As I sit out and watch the rain drip from the balcony , I wait for the cup of tea to join me and my restless mind. It has been gloomy, not just the weather but the climate.


Many people have been dying because of the coronavirus. I see doctors post videos and pictures of themselves, I see others post about doctors and how it is taking a toll on them, not just physically, but mentally too. So many deaths, the last three years have been very weird. Chester Bennington died by hanging himself. They say he struggled with drug abuse but what he must have gone through, nobody really knows apart from him. How depression has killed more people than suicides or even accidents, nobody realises. And when the following year Avicii cut himself followed by the news of Sushant Singh Rajput hanging himself, I think that was the last straw.


I have had a hard time dealing with all the posts, and I’ve shed a few tears here and there when I watch them perform. But the looming question here that everybody has addressed for a week into these deaths is their mental health. Only a week.

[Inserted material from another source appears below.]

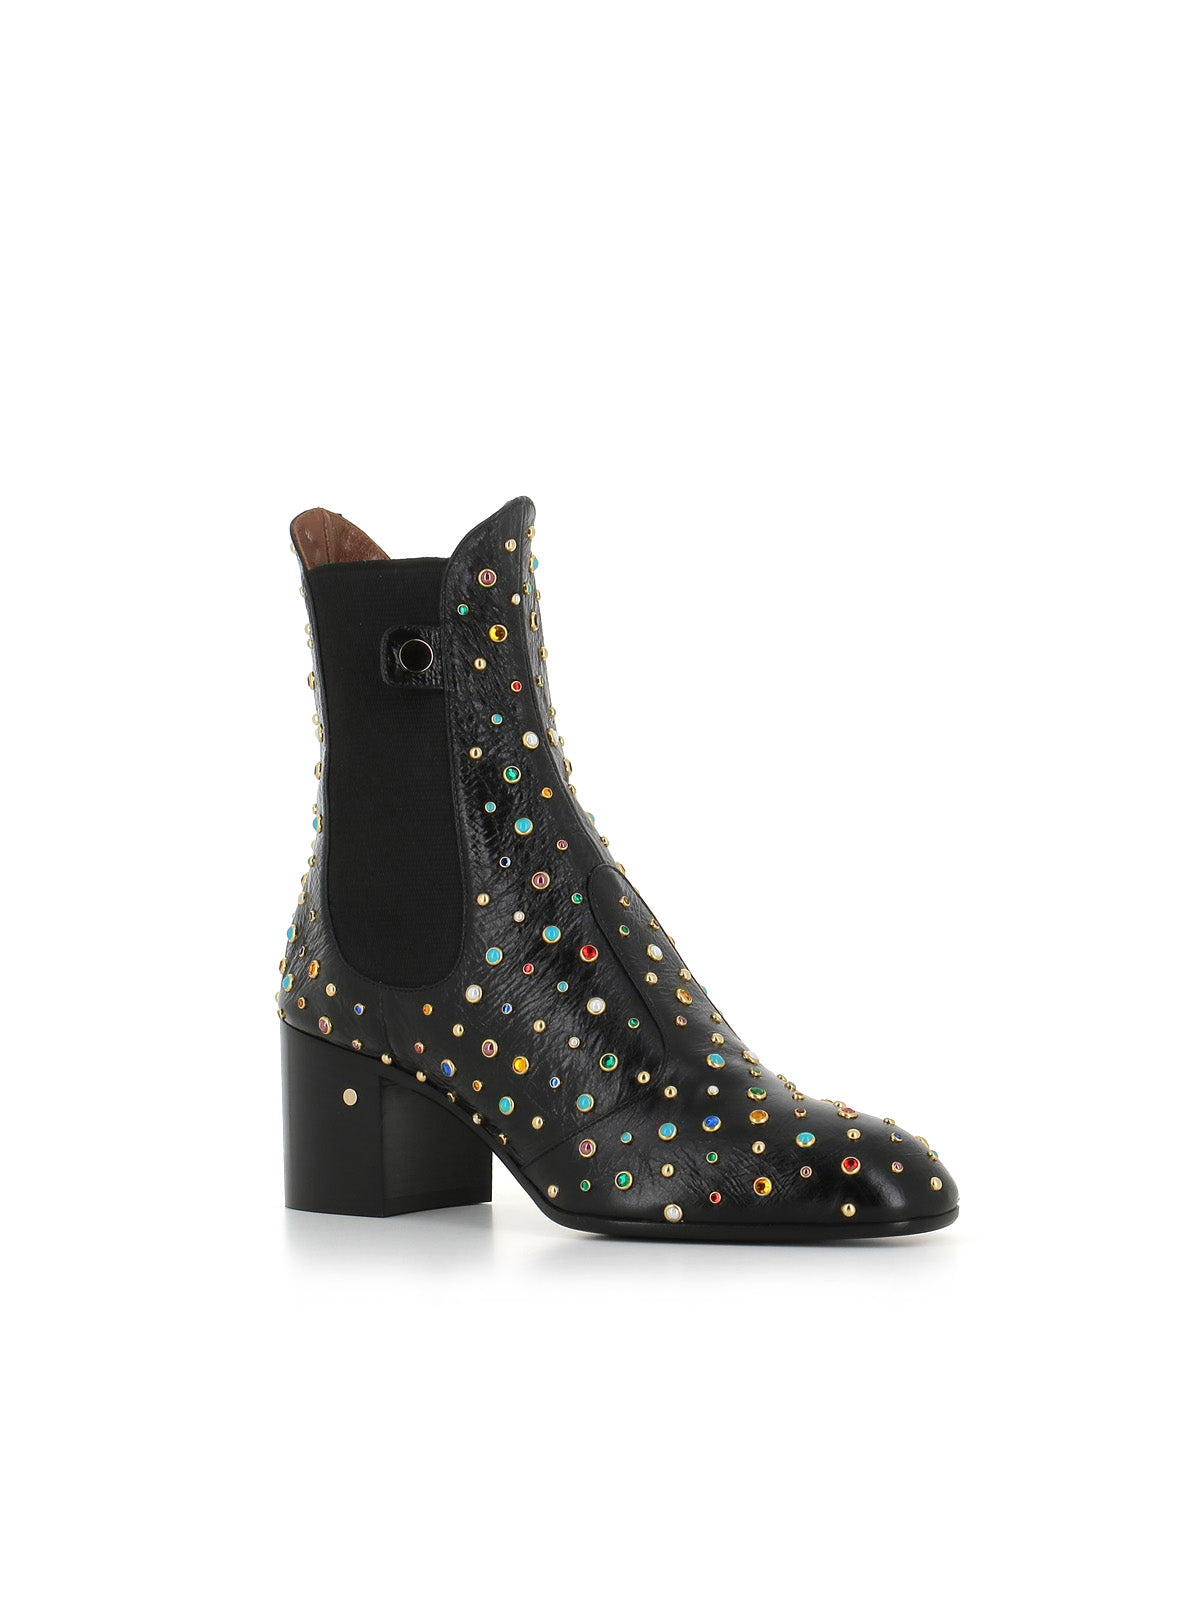  Laurence Dacade Stivaletto Angie Multicolor Studs Nero Donna - 3
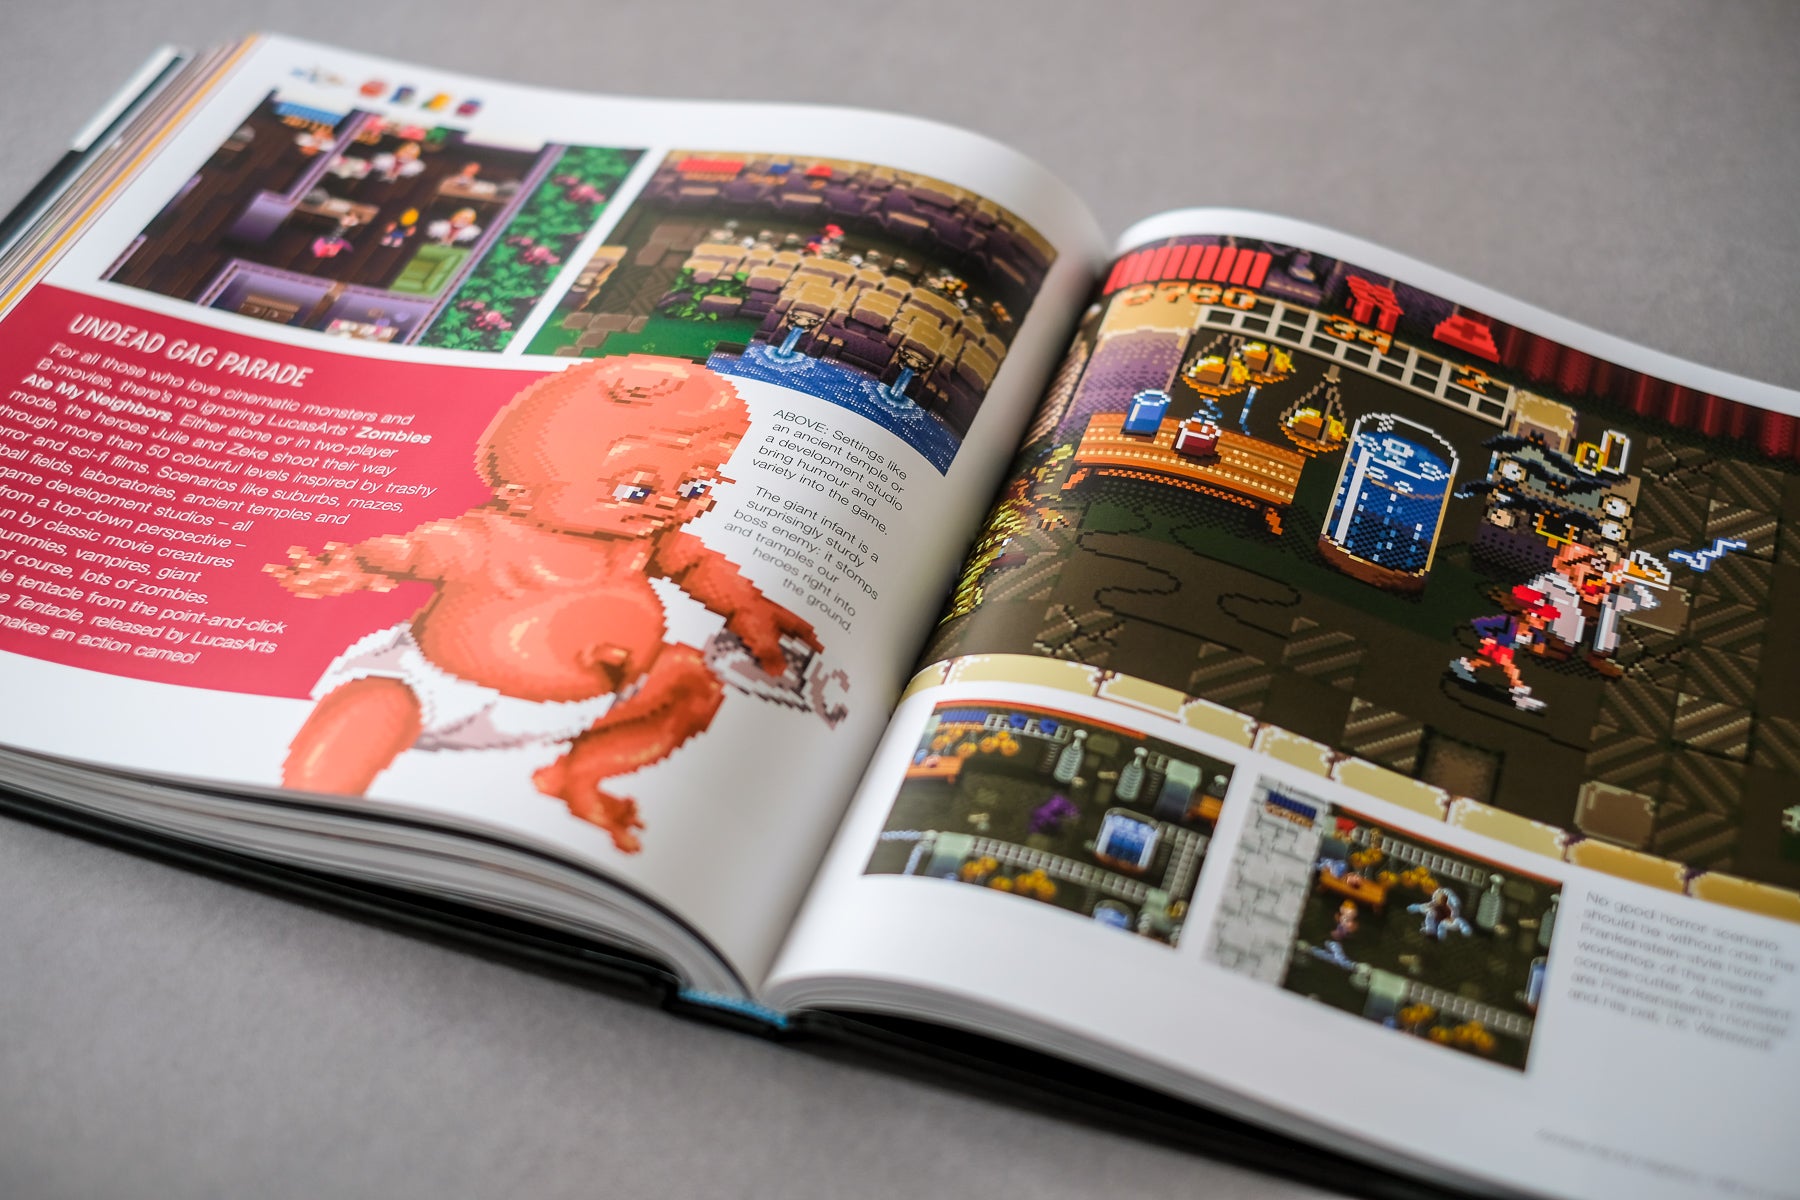 The SNES Pixel Book - Game art from Nintendo's console

These are thoughts I’m engulfed in when my dad asks me why I haven’t taken a sip of my tea which I’ve been holding in my hand, halfway for the past five minutes. “I’m telling you, it was because of his girlfriend. She must’ve done this because of that director too,” I hear my mother say as my father nods in agreement.


“You don’t know…” I trail off as I realize that I spoke out loud.


“What?” they turn towards me.


“What do we not know?”


“He committed suicide because of deteriorating mental health that he thought nobody could help him with,” I said.


“Yeah, but his girlfriend definitely murdered him. I saw those youtube videos on it,” my mother says.


“But he committed suicide.”


“But why? Depression doesn’t kill anyone, and he was great in studies too, such a brilliant boy,” my father chimes in.


I was going to have this conversation with them for the umpteenth time, but this time I was better read. I don’t know how that will help me, but I will charge head-on. I will not stigmatize it like the rest of 'em.


Based on real conversations by real people.